### Provided material:
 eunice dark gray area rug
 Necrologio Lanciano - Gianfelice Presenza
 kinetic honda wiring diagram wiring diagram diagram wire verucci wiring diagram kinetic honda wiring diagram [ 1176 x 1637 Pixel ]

### What you should do:
Give the data again. Keep every line identical.

### Answer area:
 eunice dark gray area rug
 Necrologio Lanciano - Gianfelice Presenza
 kinetic honda wiring diagram wiring diagram diagram wire verucci wiring diagram kinetic honda wiring diagram [ 1176 x 1637 Pixel ]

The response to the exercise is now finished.